The truth is that the Bible’s view of sexuality is a high one and one that we as Ugandans are depressingly far from meeting - even in our church pews.

Oh, how wrong we are on both these accounts. The truth is that the Bible’s view of sexuality is a high one and one that we as Ugandans are depressingly far from meeting – even in our church pews. Who can forget scandal after scandal concerning Ugandan Church leaders who, according to 1st Timothy 3, are to be firstly, above reproach, then (the passage continues as if to explain this above-reproach-ness) husband of one wife? In our “Christian” communities, you hear the defense of Pastors caught in infidelity because of weak arguments such as the wife not “putting out.” As though Christianity somehow permits men to give up their fundamental moral and spiritual foundations in the pursuit of sexual gratification. 

On the other end of the spectrum, a recent news article spoke of rape on the rise in Uganda, and teenage pregnancy reaching epidemic levels. Sexual harassment in the workplace has become so normalised that in some places it is included in office orientations (as a fact-of-life type situation rather than a prohibited one).  Also, consider that a recent Global Youth Alliance report stated that “Teens in Africa are among some of the most likely in the world to say they have recently used pornography.” In the world. 
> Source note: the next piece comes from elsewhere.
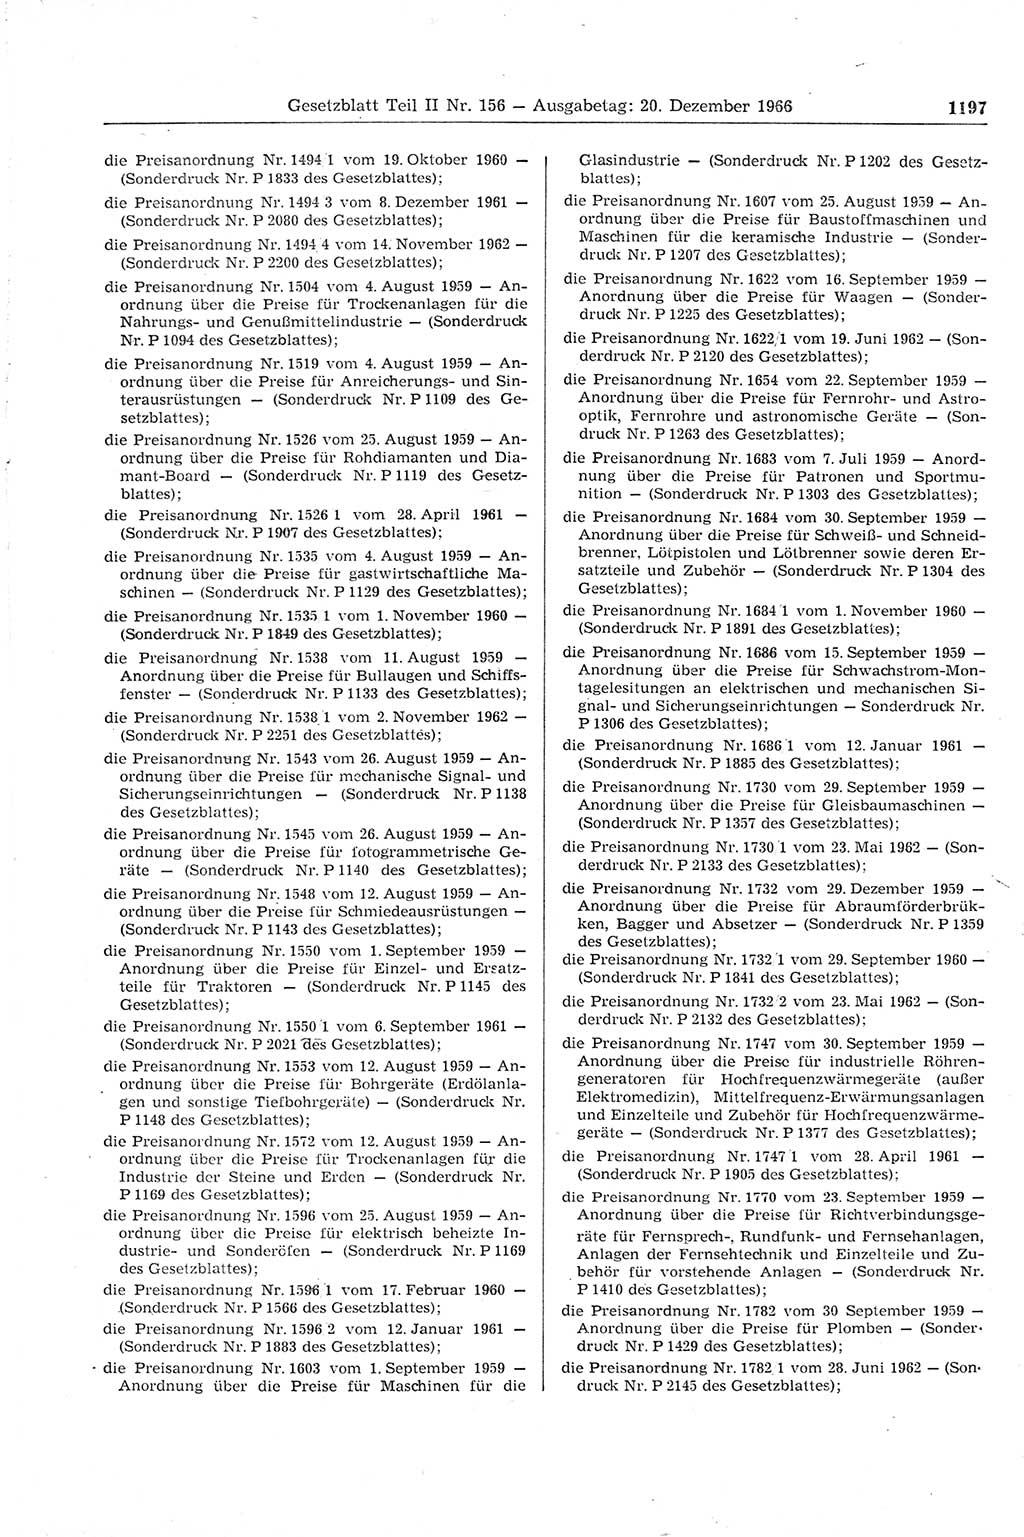 Gesetzblatt (GBl.) der Deutschen Demokratischen Republik (DDR) Teil ⅠⅠ 1966, Seite 1197 (GBl. DDR ⅠⅠ 1966, S. 1197)

Estimates put the percentage of the LGBT+ population in the world at about 5% of the global population[1]. Assuming similar (though more likely lower) proportions for Uganda, it must be said that before we start on the speck of Homosexuality, we must first deal with the absolute truckload of logs of polygamy, pornography, adultery, misogyny, rape, incest, paternal abandonment, masturbation, prostitution, pedophilia, and apathy from law enforcers and communities alike. Simply put, we have so many bigger problems than homosexuality when it comes to living Christianly with respect to sex in this country that it almost feels ridiculous to focus national energy on this particular issue.

If your child walks into your home having absolutely trashed their best clothes rolling in the mud and grass, and now they have a half-cup of milk they’ve spilled down their shirt, would you be reasonable to put all your focus on that half-cup of milk? Raging and chastising them about wasting their clothes by pouring milk on them? You’d be considered foolish even if it were a whole liter of brightly colored strawberry milk. It would seem that your focus is not on the cleanliness of their clothes at all but on some absurd obsession with spilled milk. 

Do not forget, dear Christian, that God is not foolish. He wants clean clothes, be they dirtied by milk or the mud of the earth, his standard is perfection (Matthew 5:48). He calls us to it and it’s our job as the salt of the earth, to go where the salt is most needed and, to be quite frank, in our culture, the gay-agenda, doesn’t even feature in our culturally acceptable lapses of moral judgment. Indeed, it is a lapse of judgment that makes us focus on the speck rather than the log. 

At the end of all this, however, we must never forget that there is grace enough for everyone- from the accuser and witch hunter to the complacent Christian, to the Christian in both heterosexual and homosexual sin.  For the person that maintains that the “gay agenda” is the chief of all vices in Uganda, despite all the great sexual sins that darken our holiness; if you assume that the pits of hell burn hotter for “the gays”, please know that there are same-sex attracted people who you shall find in heaven because, despite their heart and body’s inclinations, they did not bow the knee to sin. Also know too, that there will be many vehement opponents of many agendas who, because they were ignorant of their own chief sins, never made it into heaven at all.